In the span of a year, the companies repatriated $318 billion (SFr348 billion) in assets, handing to the government $20 billion in taxes it would not have received under the old policy.
Corporate tax avoidance and personal tax evasion are substantively different but Ellis holds it up as an example that enforcement is less effective than changes in public policy.
Campbell, a critic of the Obama administration’s budget plans, says Switzerland capitulating on banking secrecy would yield no benefits.
Act globally, think locally
“If Swiss banking secrecy laws were to be thrown out tomorrow, there would probably be some country somewhere that would try to do the same thing,” Campbell said.
“And rather than have the kind of general respect and admiration and worldwide clientele that Swiss banking has right now, these other places would probably get solely tax evaders, which would mean that the US government would be right back where it was before.”
Even on a global scale, all politics is local. “I think this is an area in which they believe they can raise some revenue and say they’re really not raising a tax – they’re simply trying to stop tax evaders,” Campbell said.
So what should the Swiss do? The experts are divided. Mitchell believes officials should diligently attend their meetings with their US counterparts, smile, nod and do little else.
Ellis is more cautious: “The last thing you ever want to do if you’re dealing with a wild animal – in this case, the international tax authorities – is to poke a stick in its eye.”
Justin Häne in Washington DC, swissinfo.ch
Switzerland has been under fire from US lawmakers for a number of years over banking secrecy. Critics say it allows people to store illicit assets and avoid paying taxes.
On May 14, 2008, the problem got worse when a UBS banker and a Liechtenstein businessman were charged with helping a US billionaire evade taxes.
In July 2008, a Miami court said the Internal Revenue Service could issue a summons demanding the names of around 52,000 UBS accountholders without proof that they were all tax evaders.
Swiss banks are not allowed to reveal the names of people who only fail to disclose assets or income to the US authorities. The Swiss government said the order would violate the country’s sovereignty as well as an existing Swiss-US income tax treaty.
Citing updates to a treaty dating to 1951, Switzerland says it cooperates in cases of “tax fraud and the like”.
The Internal Revenue Service says the treaty should be “viewed in context”.

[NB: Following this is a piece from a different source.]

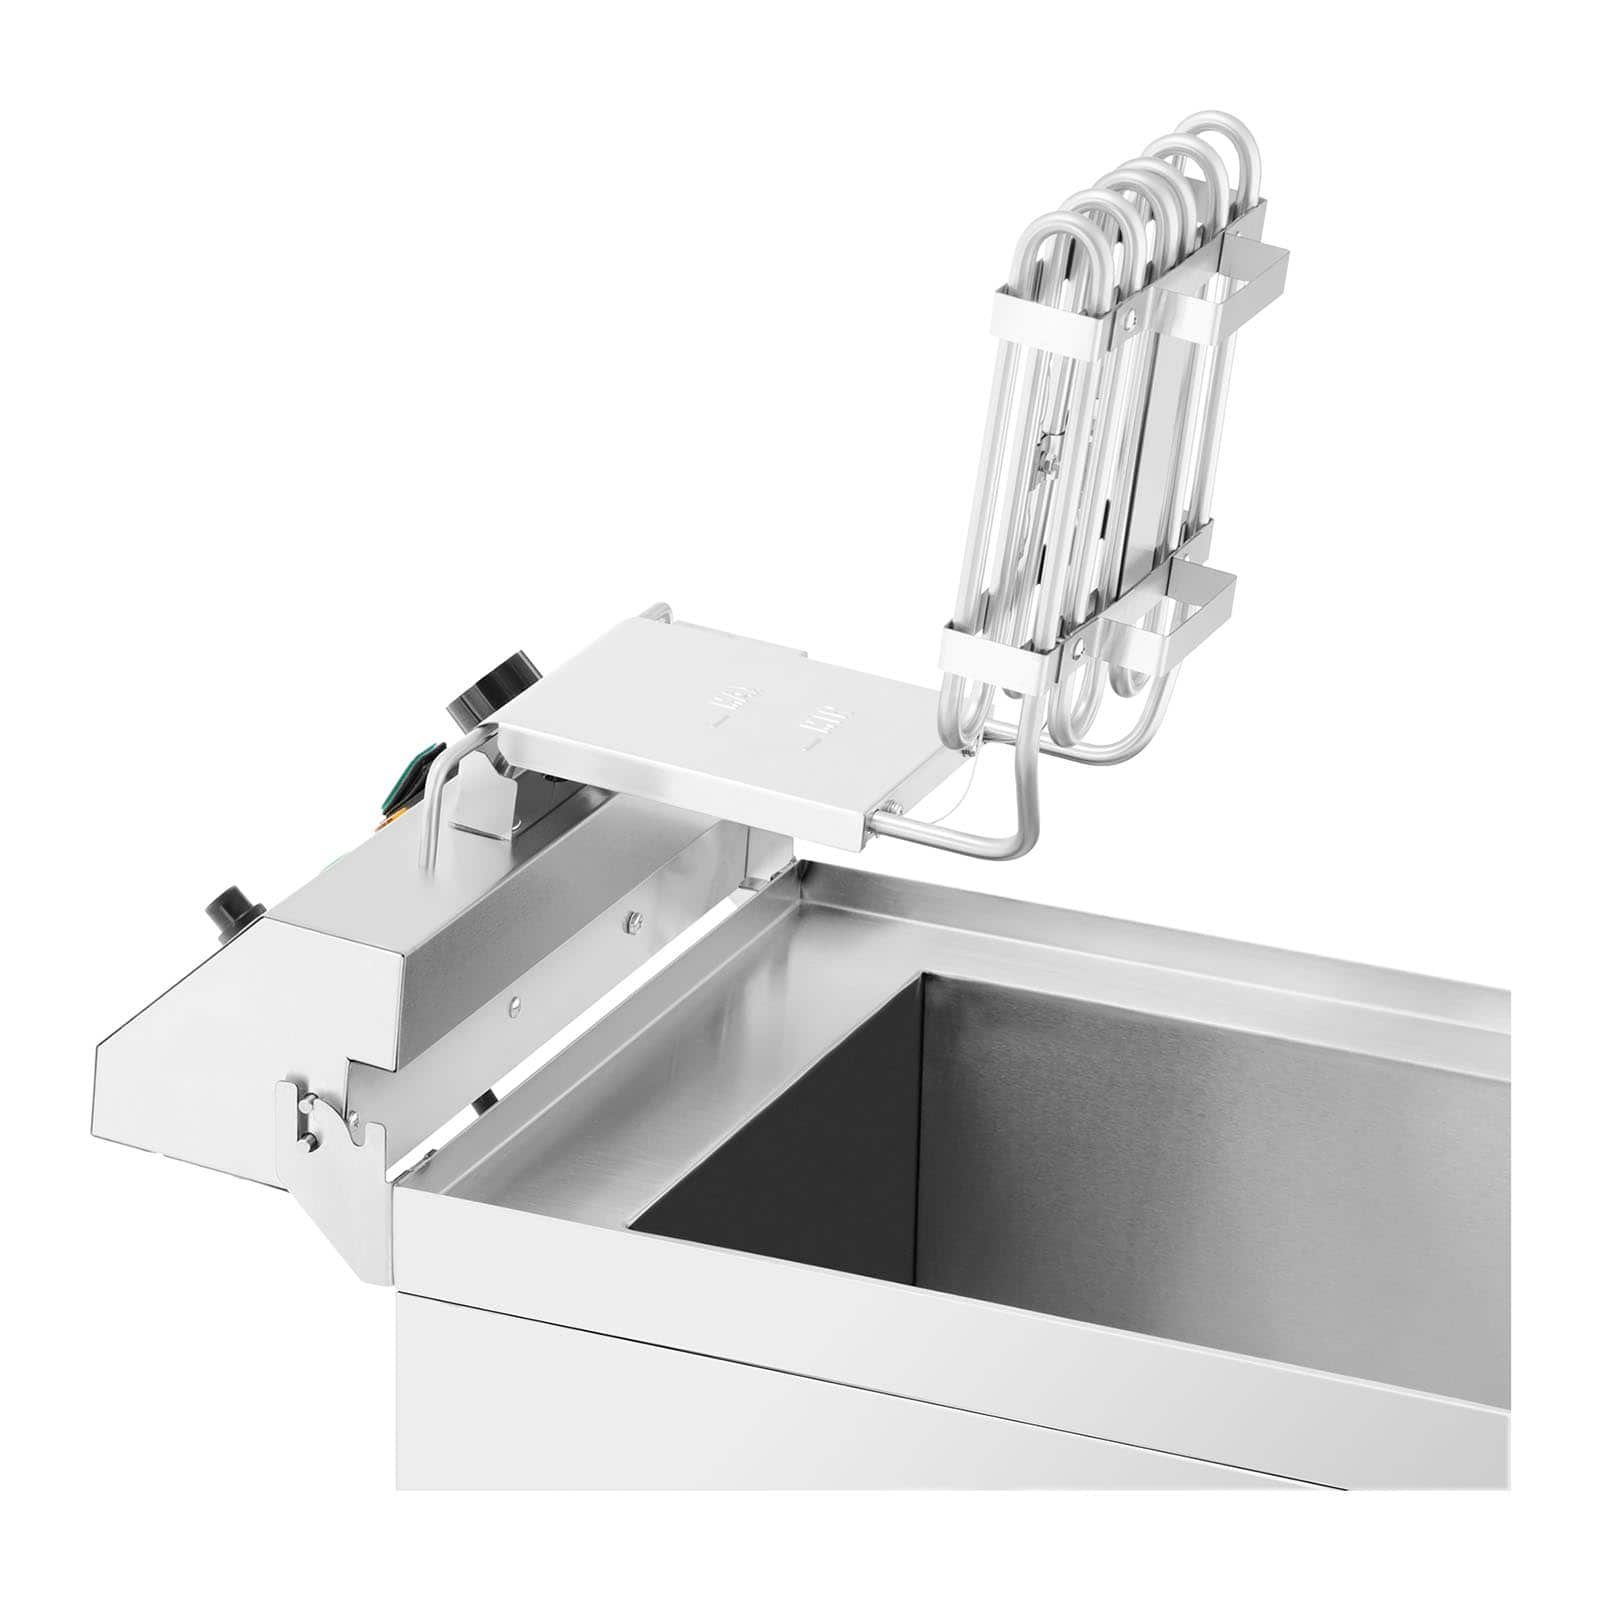 Royal Catering Fritteuse Elektro-Fritteuse Fritteuse 3000 Fritteuse Gastro 3.000 W 13 W, L Kaltzonen

UBS has in the mean time quit private banking in the US and will hand over a few hundred client names.
In March, the Swiss decided to ease banking secrecy. They are renegotiating double taxation agreements with a number of countries, including the US, but have already said they will drop the distinction between evasion and fraud.
Swiss officials will meet US officials for a second time on June 16.

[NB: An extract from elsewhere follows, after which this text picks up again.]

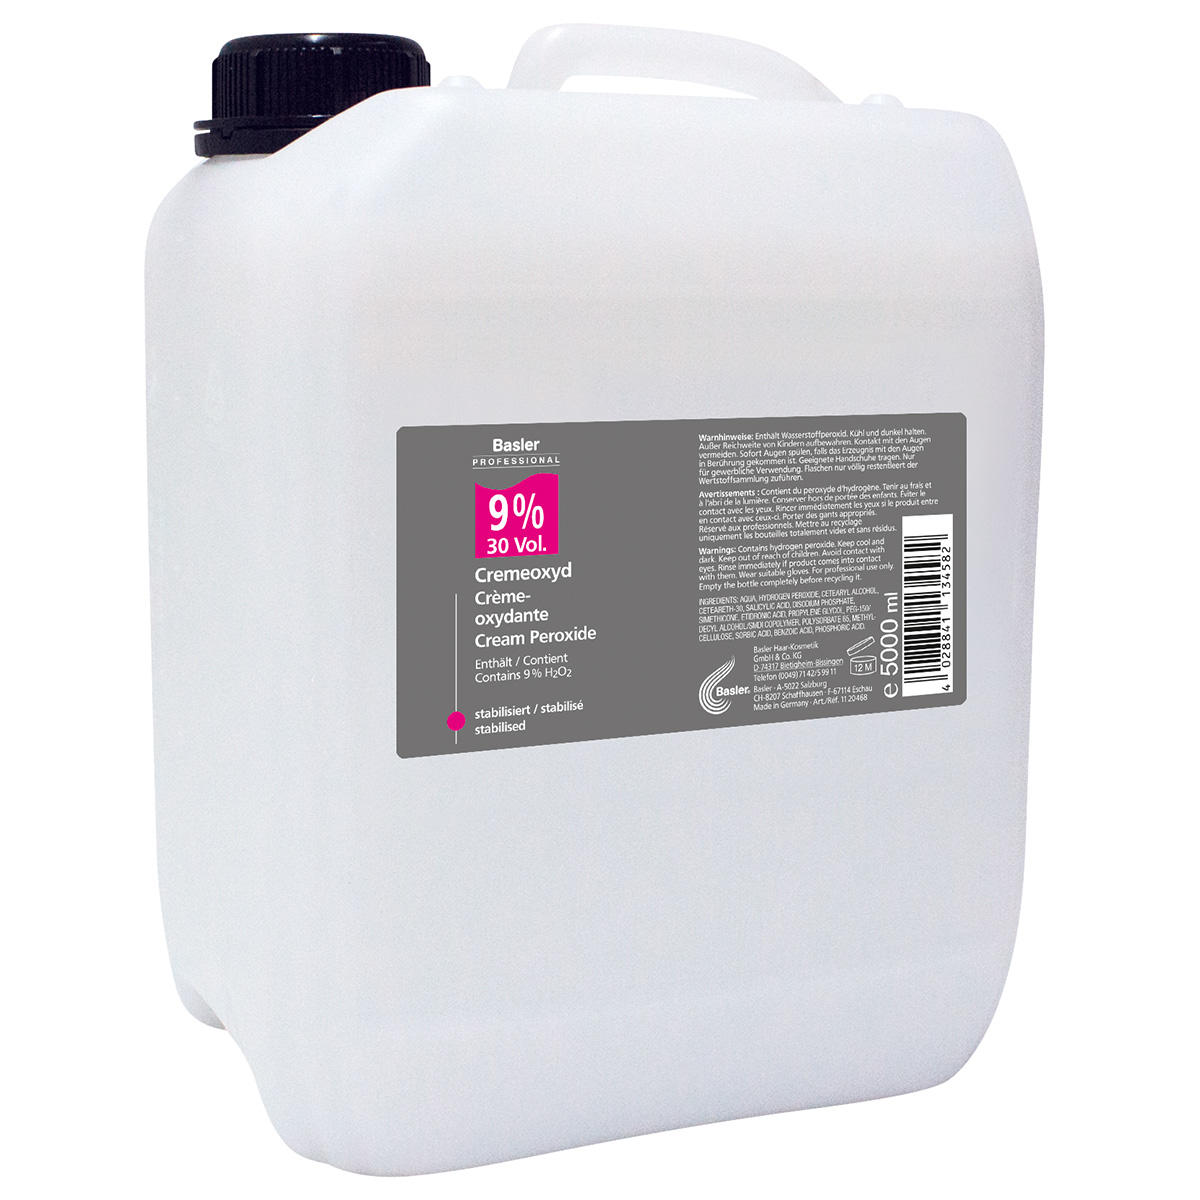 Basler Cremeoxyd 9 %, canister 5 liters - 1

People wishing to dodge paying taxes on their assets can do so by three means: avoidance, evasion and fraud.
Avoidance is the legitimate means of structuring finances so they don’t fall under the scope of taxable assets. This can be done, for example, by setting up a trust fund or by changing country residence or nationality.
Evasion is the deliberate concealing the true state of assets from the tax authorities – in other words, lying about the extent of your assets. This is a civil offence in Switzerland and some other countries, such as Austria and Liechtenstein, but criminal in most states.
The main distinction between evasion and fraud is that the perpetrator tells lies on official documentation. Unless tax fraud can be proved, Swiss banks are not obliged to hand over details of client assets to investigators. In some cases this information is needed before fraud can be established in the first place.